Ernährung : Kochen mit Gemüse aus dem Brutschelgarten

Dank einer Vereinsinitiative können nun in Beuren alle Bürger gärtnern – oder einfach nur ernten im neu angelegten Bauerngarten.

Morgens war da noch eine Wiese auf dem Eckgrundstück im Beurener Wohngebiet. Wenige Stunden später ist daraus ein Garten geworden: mit einer Kräuterschnecke und modernen Hochbeeten, einem extra für Kinder. Denn auch die sind hoch motiviert und packen wie Sebastian tüchtig mit an. In die Beete hätten sie „erst ein bisschen Erde getan, dann Äste, wieder Erde, Laub und Holzsplitter – und ein oder zwei Regenwürmer“, erzählt er. Die Würmer seien wichtig, „damit das Gemüse besser wächst“, zeigt er stolz auf bereits gepflanzte Möhren und Rote Bete sowie Pflücksalat-, Kohlrabi- und Brokkoli-Pflänzchen. Ausgewachsen mag er die zwar nicht so gern. Er isst lieber Kartoffeln. Doch vielleicht probiert er ja doch mal von dem selbst gezogenen Gemüse. Und das wäre dann ein weiterer positiver Nebeneffekt der Initiative Beurener Bauerngarten.

Die Idee hatten Bürger, die im vorigen Jahr den Verein Beuren brutschelt gründeten. Mit ihm wollten sie das gemeinsame Kirmesessenkochen, eine ebenfalls noch junge Initiative, auf solide Füße stellen. Wer selbst kocht, macht sich aber auch Gedanken über Zutaten und traditionelle Zubereitungen. Daher war es nur ein kleiner Schritt bis zu der Idee, mit selbst gepflanztem Gemüse zu kochen und mit eigenen Kräutern zu würzen.

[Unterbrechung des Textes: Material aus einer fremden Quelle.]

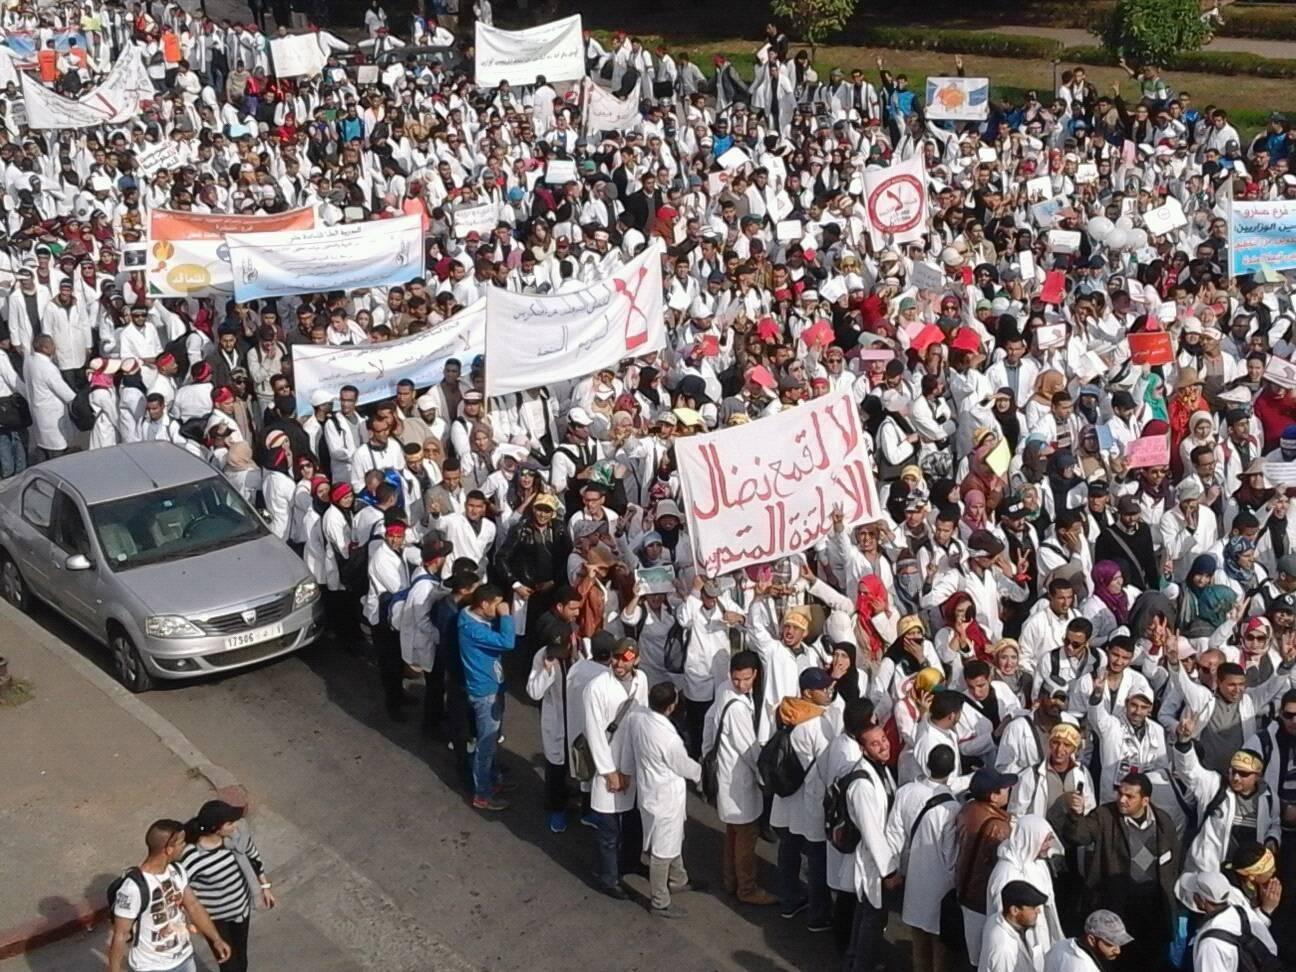 الأساتذة المتدربون يصعدون ويدخلون في إضراب عن الطعام

Die Chance dafür bot sich mit einem vor Jahren aufgegebenen kleinen Garten. „Das Grundstück gehört meiner Großmutter“, erklärt Vereinsvorsitzende Christina Nellinger. Die 86-Jährige freue sich, „dass hier etwas passiert“.

Doch nicht nur sie begrüßt es, dass junge Familien als Selbstversorger aktiv werden und Gemüse und Kräuter selbst pflanzen, pflegen und ernten möchten. Laut Nellinger ist die Resonanz auf „unseren Brutschelgarten“ allgemein sehr positiv. Der über Zeitungen und Internet verbreitete Vereinsappell „Wir suchen dich!“ motivierte Helfer und Spender. Auch zur ersten Gemeinschaftsaktion schauten immer wieder Leute vorbei, die fragten, was noch gebraucht werde. Abgesehen davon motiviert die Vereinsmitglieder das europäische Leader-Programm. Ihr Garten wird als „ehrenamtliches Bürgerprojekt“ der LAG-Erbeskopf mit bis zu 2000 Euro gefördert.

Denn die Initiative hat sehr viel mehr im Blick als die rein praktischen offensichtlichen Überlegungen. Sie will einen „Ort der Begegnung für Jung und Alt“ in Beuren schaffen, einen Ort, an dem sich Menschen wohl und „mit der Natur verbunden“ fühlen. Deshalb kann im Garten auch jeder Bürger mitanpacken oder, falls er das nicht möchte, dort einfach nur ernten. „Pflanzen und Ernten für jedermann“, lautet eines der erklärten Ziele des Vereins, dem laut seiner Satzung Brauchtum, Heimatpflege und Dorfleben am Herzen liegen.

Wer das unterstützen möchte, kann auch künftig spenden. Neben Mutterboden und Gartengeräten sind beispielsweise auch Stauden willkommen – und natürlich finanzielle Hilfe.